Are sesquiterpenes a good source of secondary organic cloud condensation nuclei (CCN)? Revisiting β-caryophyllene CCN

Secondary organic aerosol (SOA) was formed in an environmental reaction chamber from the ozonolysis of beta-caryophyllene (beta-C) at low concentrations (5 ppb or 20 ppb). Experimental parameters were varied to characterize the effects of hydroxyl radicals, light and the presence of lower molecular weight terpene precursor (isoprene) for beta-C SOA formation and cloud condensation nuclei (CCN) characteristics.
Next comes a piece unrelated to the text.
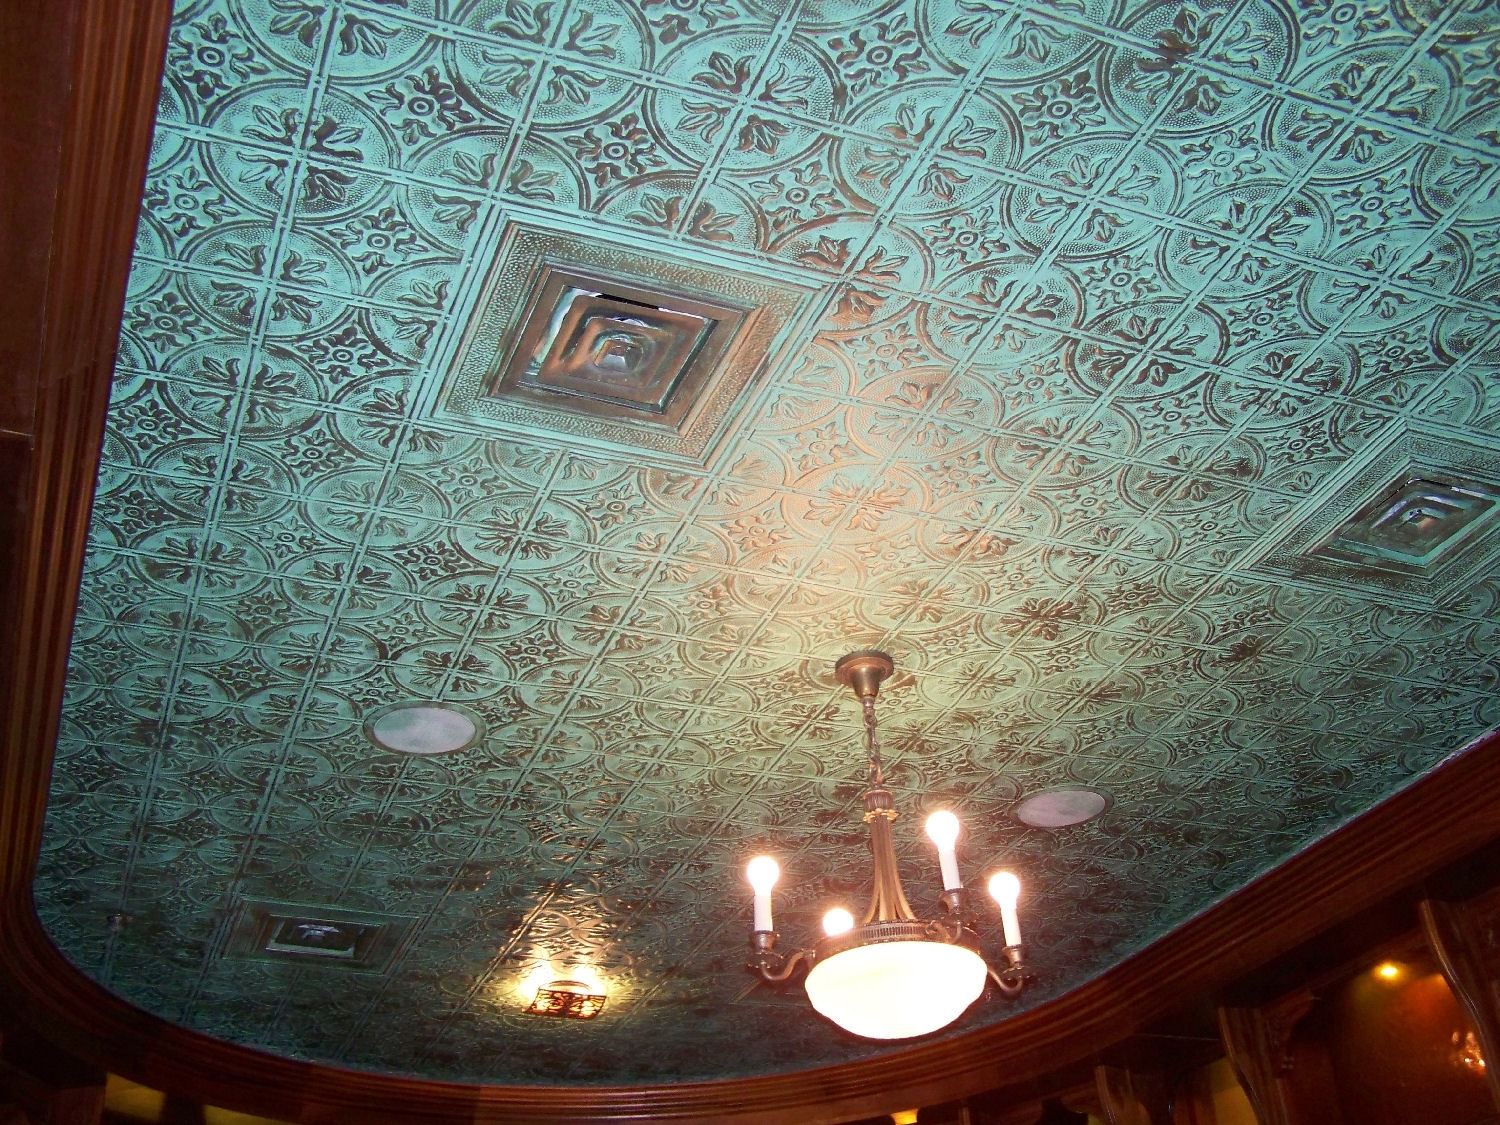 Ceiling Tile Tin Fauxeasy install tin ceiling tiles save money

Changes in beta-C SOA chemicophysical properties (e. g., density, volatility, oxidation state) were explored with online techniques to improve our predictive understanding of beta-C CCN activity. In the absence of OH scavenger, light intensity had negligible impacts on SOA oxidation state and CCN activity. In contrast, when OH reaction was effectively suppressed (> 11 ppm scavenger), SOA showed a much lower CCN activity and slightly less oxygenated state consistent with previously reported values. Though there is significant oxidized material present (O/C > 0.25), no linear correlation existed between the mass ratio ion fragment 44 in the bulk organic mass (f(44)) and O/C for the beta-C-O-3 system. No direct correlations were observed with other aerosol bulk ion fragment fraction (f(x)) and kappa as well. A mixture of beta-C and lower molecular weight terpenes (isoprene) consumed more ozone and formed SOA with distinct characteristics dependent on isoprene amounts. The addition of isoprene also improved the CCN predictive capabilities with bulk aerosol chemical information. The beta-C SOA CCN activity reported here is much higher than previous studies (kappa < 0.1) that use higher precursor concentration in smaller environmental chambers; similar results were only achieved with significant use of OH scavenger. Results show that aerosol formed from a mixture of low and high molecular weight terpene ozonolysis can be hygroscopic and can contribute to the global biogenic SOA CCN budget.